Which ultimately reveals the main objective in this regard: Recruiting data scientists. Getting access to talent and potentially converting this into full-time employment. By chance, German drug store chain Rossmann also points out that they have various positions for entry-level and senior data scientist vacant at their headquarter and the moment and are happy to receive applications. Just like hackathons are designed to get access to talented programmers, data science competitions (on kaggle.com or comparable platforms) primarily serve the purpose of getting access to data scientists and these are – and will be in the years to come – a scarce resource in any company’s org chart. Conveniently, there is also a job board on kaggle.com.
With recruiting as main purpose, is there any valuable output of the competitions?
Companies, which provide data sets for data science competitions, get – as a final result – algorithms, prediction models and the likes in return. These seem like “graspable” results (especially if you compare them to the standard output of consulting activities, which is primarily some well-designed slides), but there is a hook. While the large number of participating data science team suggests a high level of competition and quality, developed algorithms are oftentimes not general enough to have direct commercial applicability. This is a frequent problem in data science and recent news about the commercial viability of kaggle.com support the analysis that the competition platform cannot avoid these shortcomings. With the popularity of kaggle.com rapidly growing in the last years, the company has attracted more than 11 million USD of venture capital funding, but has struggled to come up with a valid business plan ever since. With its data science revenue stream not sufficiently large, the company breached out to energy consulting, in order to provide sector-specific end-to-end data science solutions. As a stand-alone option, data science competitions do not appear to create enough value. Just in September this year, news broke that kaggle.com had to lay off several employees.

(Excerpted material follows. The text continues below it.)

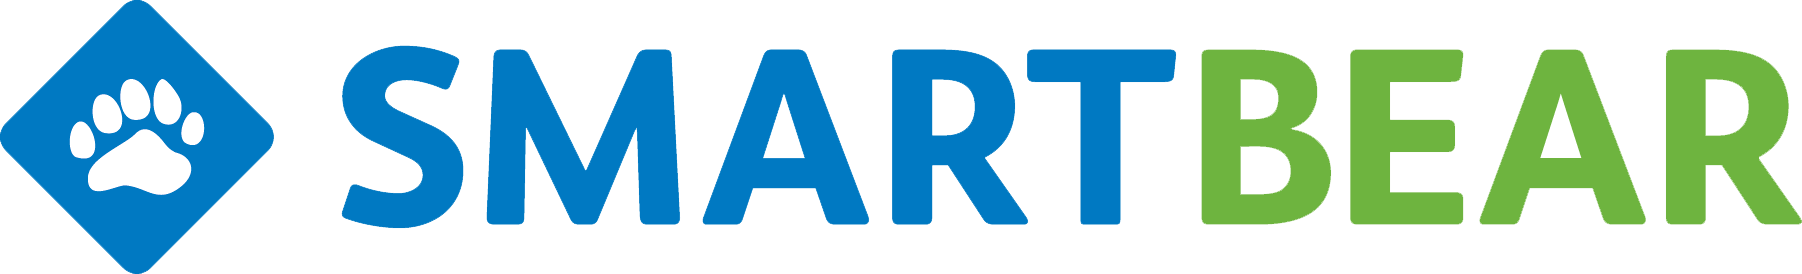 smarbear-logo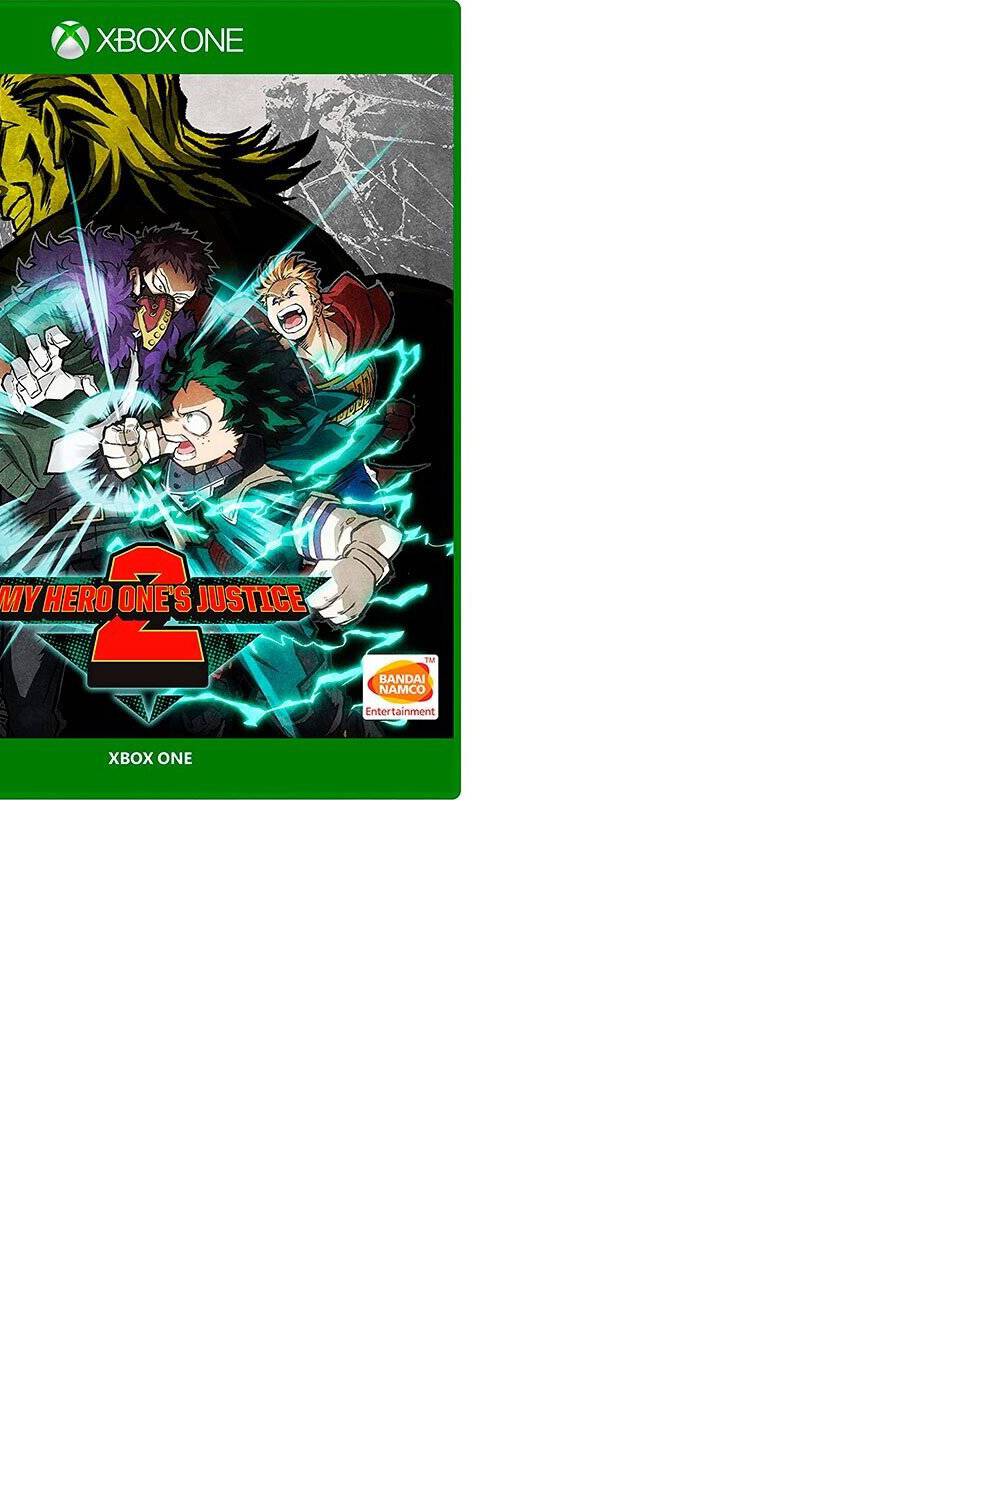 BANDAI NAMCO - My Hero Ones Justice 2 Xbox One

Data science competitions – good or bad?
The rapid success and popularity of kaggle.com underlines that data science is on the rise. Companies are willing to post data sets and teams sign up in large quantity for the challenges. But at the same time, trouble to set up a valid business model points to some major pitfalls: algorithmic solutions as competition-output might not always be commercially applicable. Having a dedicated data science consulting team at-site, which provides a tailored solution, is still the superior use case for companies seeking to solve problems. This leaves data science competitions as a valid recruiting tool, which companies can turn to when hiring for the internal data science department. In terms of concrete output though, data science competitions are tough to judge. And in that regard it’s tough to predict its results. Maybe that would also be a good competition on kaggle.com – how to predict the commercial applicability of results developed in the course of kaggle.com-data-science-competitions?